Are the Pauli matrices closed under commutation? I tried to make a group multiplication table for the Pauli matrices, but I keep getting multiples in front of the elements. What am I doing wrong? I thought the Pauli matrices formed a group that was closed under commutation? Here's what I have:
$\begin{array}{c|ccc} [,] & \sigma_1 & \sigma_2 & \sigma_3 \\ \hline \sigma_1 & 0& 2i\sigma_3 & -2i\sigma_2 \\ \sigma_2 & -2i\sigma_3 & 0 & 2i\sigma_1 \\ \sigma_3 & 2i\sigma_2 & 2i\sigma_1 & 0  \end{array}$
 A: Lie algebras are not a group w.r.t. to the commutator (the Lie bracket).
The first reason is that the commutator is not associative.
Another is that they almost always lack an identity element, since the identity matrix is, for example, not in $\mathfrak{su}(2)$, and Schur's lemma would, in the fundamental representation, guarantee that only multiples of the identity can be commuting with all elements of the algebra. From the lack of the identity, it follows that also the existence of an inverse is ill-defined, so they can't be a group.
They are closed under the Lie bracket operation though, but your table doesn't contradict that.

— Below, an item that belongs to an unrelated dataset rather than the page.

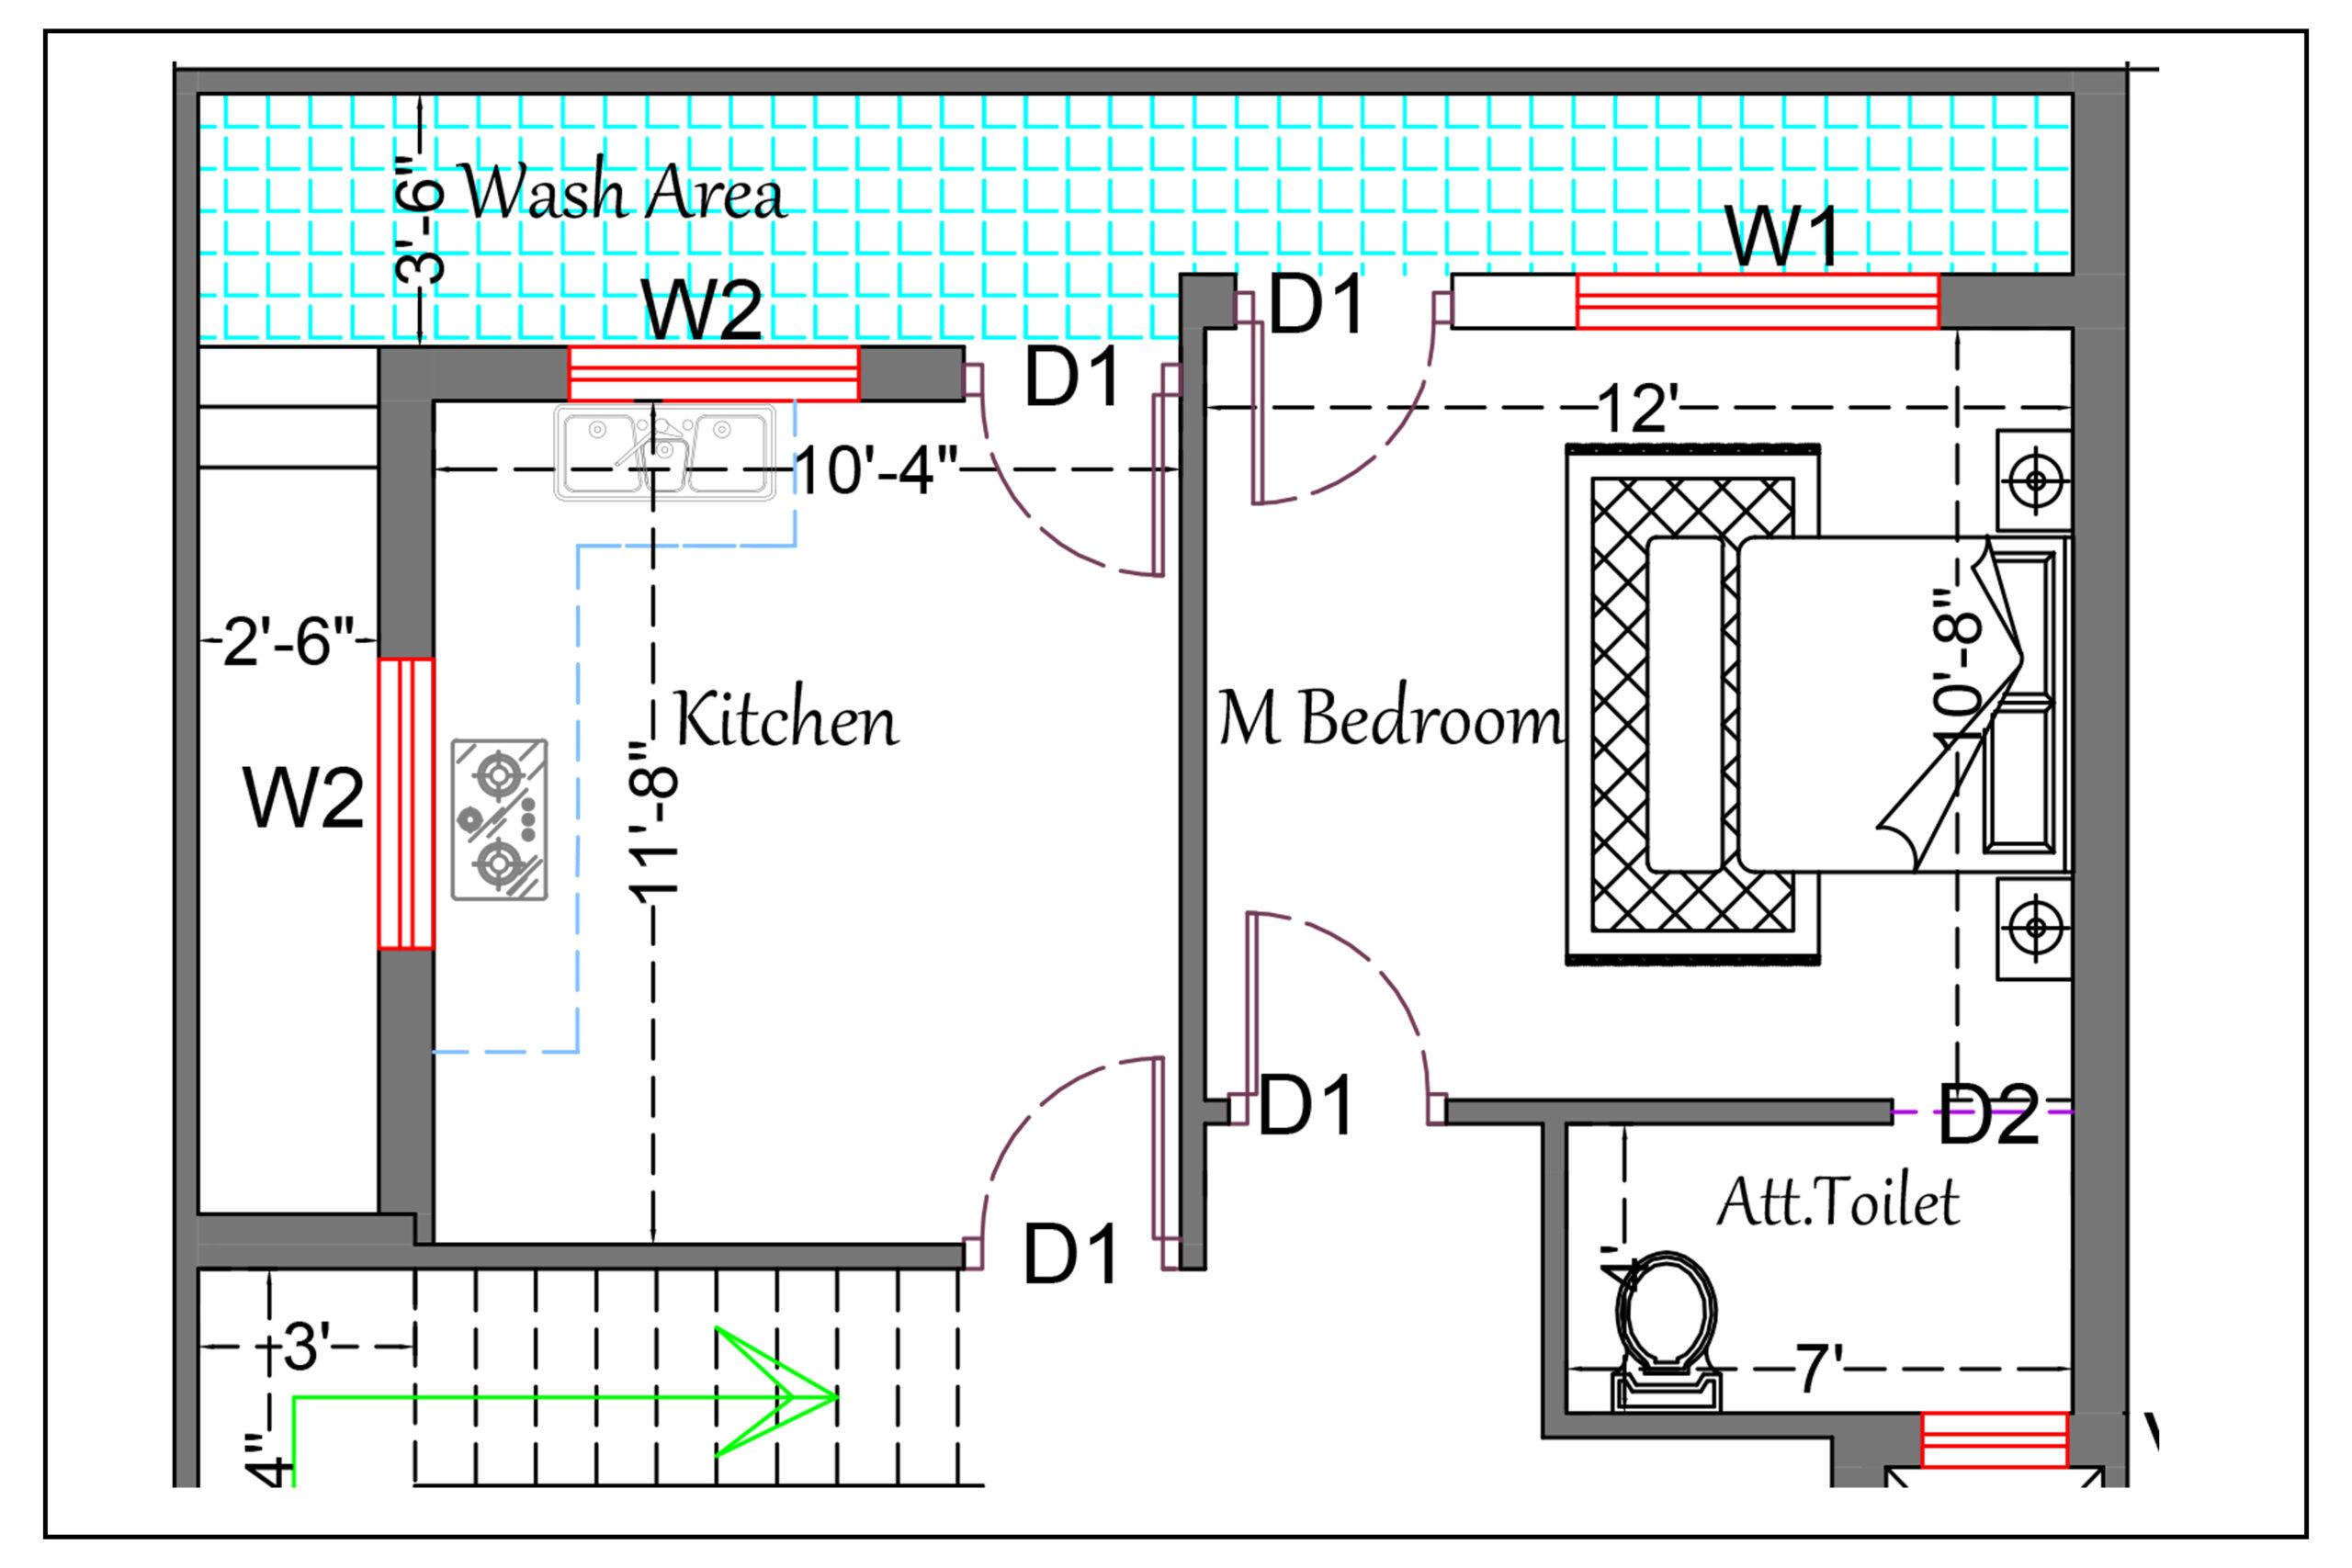 South Facing House Plan
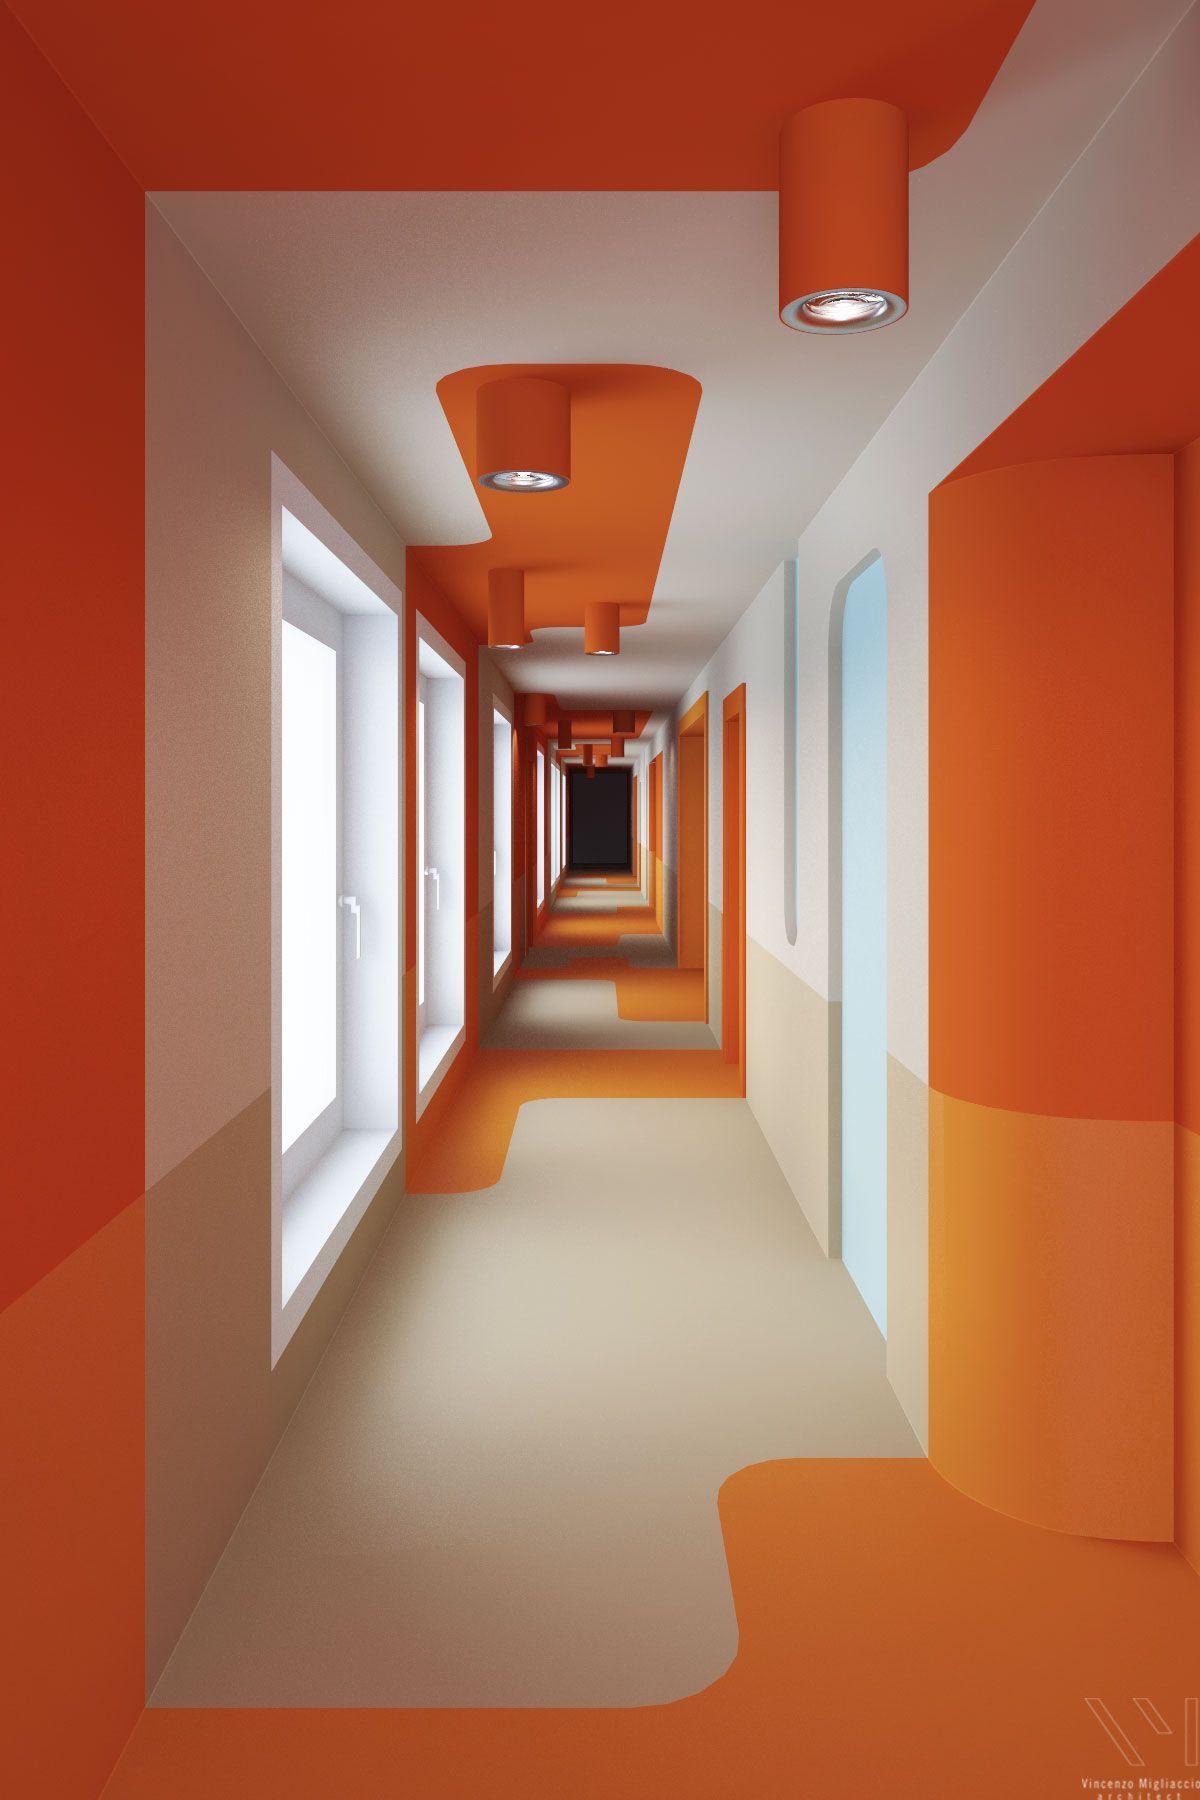 Corridor Design: Mixed Corridor - Vincenzo Migliaccio

It is not possible to make the commutator into a group operation on finite-dimensional Lie algebras - just look at the trace of $[A,B] = 1$ to see that this cannot be true as long as the trace is defined for both sides of the equation.
The closest thing to providing a more "familiar" associative structure with a neutral element on a Lie algebra (aside from its vector addition) is to pass to the universal enveloping algebra. Even there, you still lack inverses for the algebra operation (which is good, since otherwise we'd have a (skewed) field, which is boring).